Rather than the proposed convention centre being essential, it is surely essential that it not be built. Would-be conference delegates should have their discussions by video link, thus saving valuable time in their busy lives.
J Chris Horne, Northland
Lazy lingo
A bit deaf I might be, but spoken language these days is just getting lazy. TV
commentaries, announcing, documentary comments, actors and actresses in movies and TV serials, slur words and make speech difficult to understand. Don’t they teach elocution at schools?
I thought it was only me. Apparently not – others have had the same experience, and no-one has talked about it. What with slang creeping in; swearing galore; dialects and lazy speech, it is little wonder that immigrants have difficulty understanding us, let alone learning English as a second language.
Speech is a wonderful thing - it’s a pity it is being abused so much.
I will have to learn sign language! Maureen Lee, Waitarere Beach
Better use of space
Has Mike Williams read the Let’s Get Wellington Moving proposals (Letters, Nov 14)? He seems unaware that the ‘‘light rail’’ proposal is a waterfront quays and Taranaki St rapid transit route, not Lambton Quay.
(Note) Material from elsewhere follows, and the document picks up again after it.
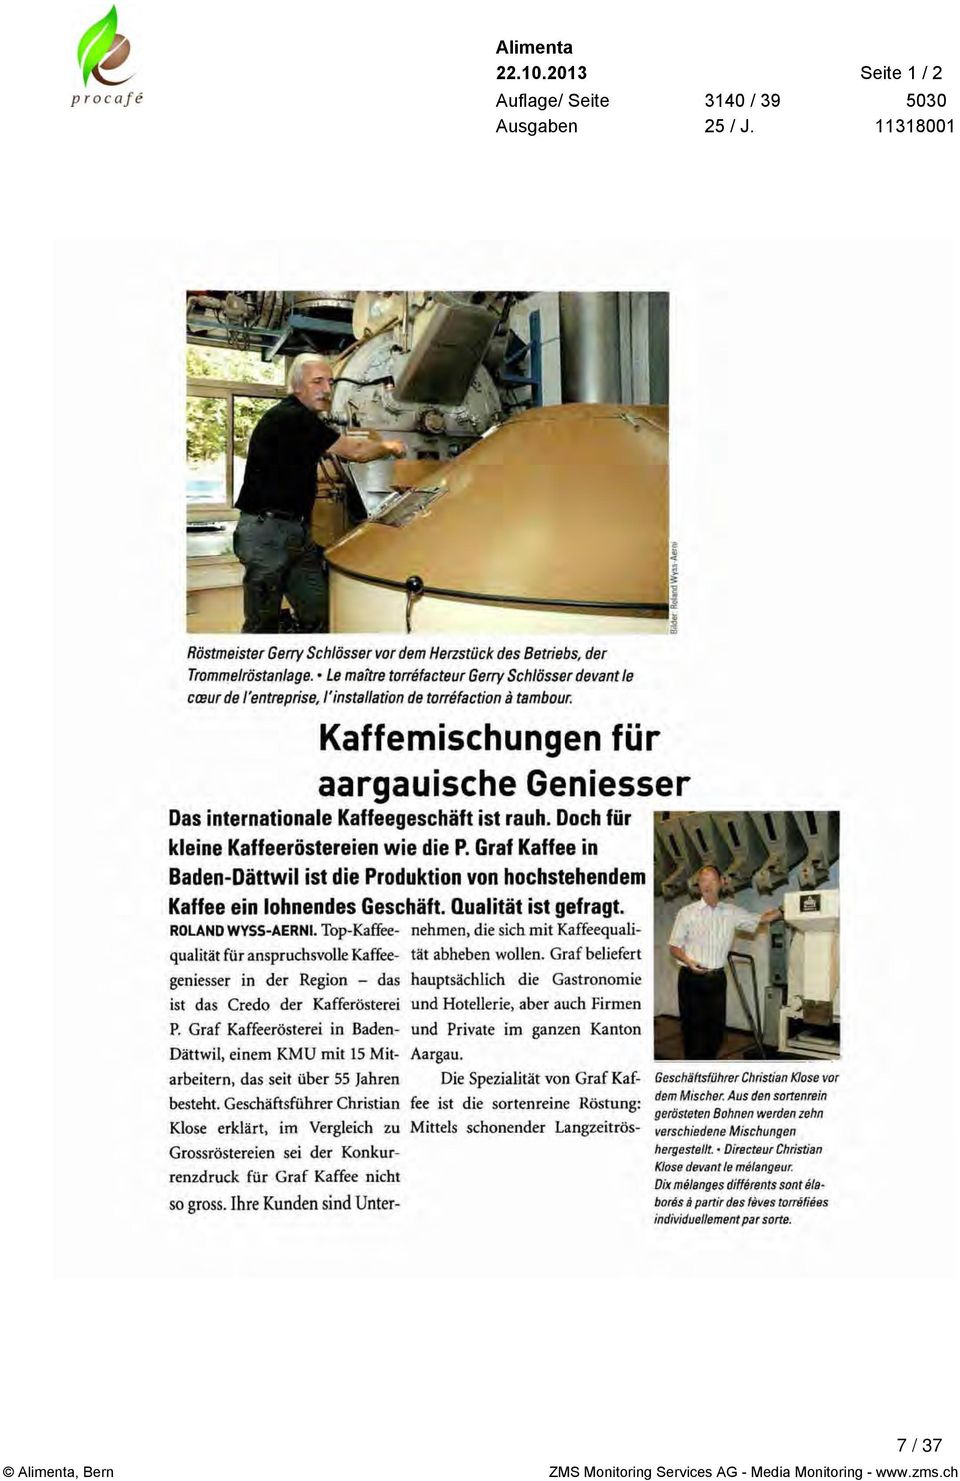 Top-Kaffee- Dättwil, einem KMU mit 15 Mitarbeitern, das seit über 55 Jahren besteht.

LGWM concluded that the best way to get Wellington moving is to ‘‘move more people using fewer vehicles’’. They show that by investing in better public transport, walking and cycling/scooting, Wellington can double, double again, and double again the productivity of its existing road space. Wellington doesn’t have a capacity problem; it has a productivity problem.
Williams asks us to believe we can get Wellington moving by making more room for more vehicles, encouraging more people to get around in the least spatially efficient way ever invented. Cars and roads are great if you live in a small town with few people and lots of space. In crowded cities short of space, they create congestion.
This is not a Left versus Right issue. The question is whether it’s better for Wellington to invest in productivity, as LGWM recommends, or capacity, as Williams favours. History shows that in the long run, productivity always wins. Which side of history will Wellington choose?
John Rankin, Wellington
Silly labels
This intergenerational name calling is doing no good, being childish in the extreme.
It only serves to elicit the selective memory of all contenders. Each population/generational cohort has its problems and its good times, to the envy of some and the sympathy of others.
I was born during the years of World War II, a period of considerable austerity, with my parents and their parents having gone through the 1930s Depression. Children born during and after the conflict benefited from the slow improvement of circumstances.
The various generational ‘‘types’’ that have been identified subsequently are largely spurious; silly labels with little or no validity. They are diffuse, broadlybased, overlapping categories which have had and will continue to have, their ups and downs just like any group. It is obvious that the old and young still living both benefit and suffer in concert as fortunes fluctuate. The old often finding it harder to manage than the young, who at least have time on their side.
Perhaps the history curriculum as yet to be taught in New Zealand schools could examine and analyse generational flaws as well as aptitudes, and perhaps bring about a greater understanding, enlightenment and tolerance?
Allen Heath, Woburn
Demetrius Christoforou attacks me for my ‘‘shameful’’ attitude to Chlo¨ e Swarbrick’s views about climate change. (Letters, Nov 15).
I expressed no views about Swarbrick’s views on climate change so his attack falls to the ground. To me the issue is not the occasion nor the interjection.
Swarbrick’s remark of ‘‘OK, Boomer’’ could have been made at many other times on any number of subjects where there are generational differences in view.
For his information I am not, and have never been, a member of any political party so I have no cohorts from National or any other party, as was claimed.
The only point I was making was about the very dismissive language Swarbrick used and what that says about how she views other generations. I stand by those comments.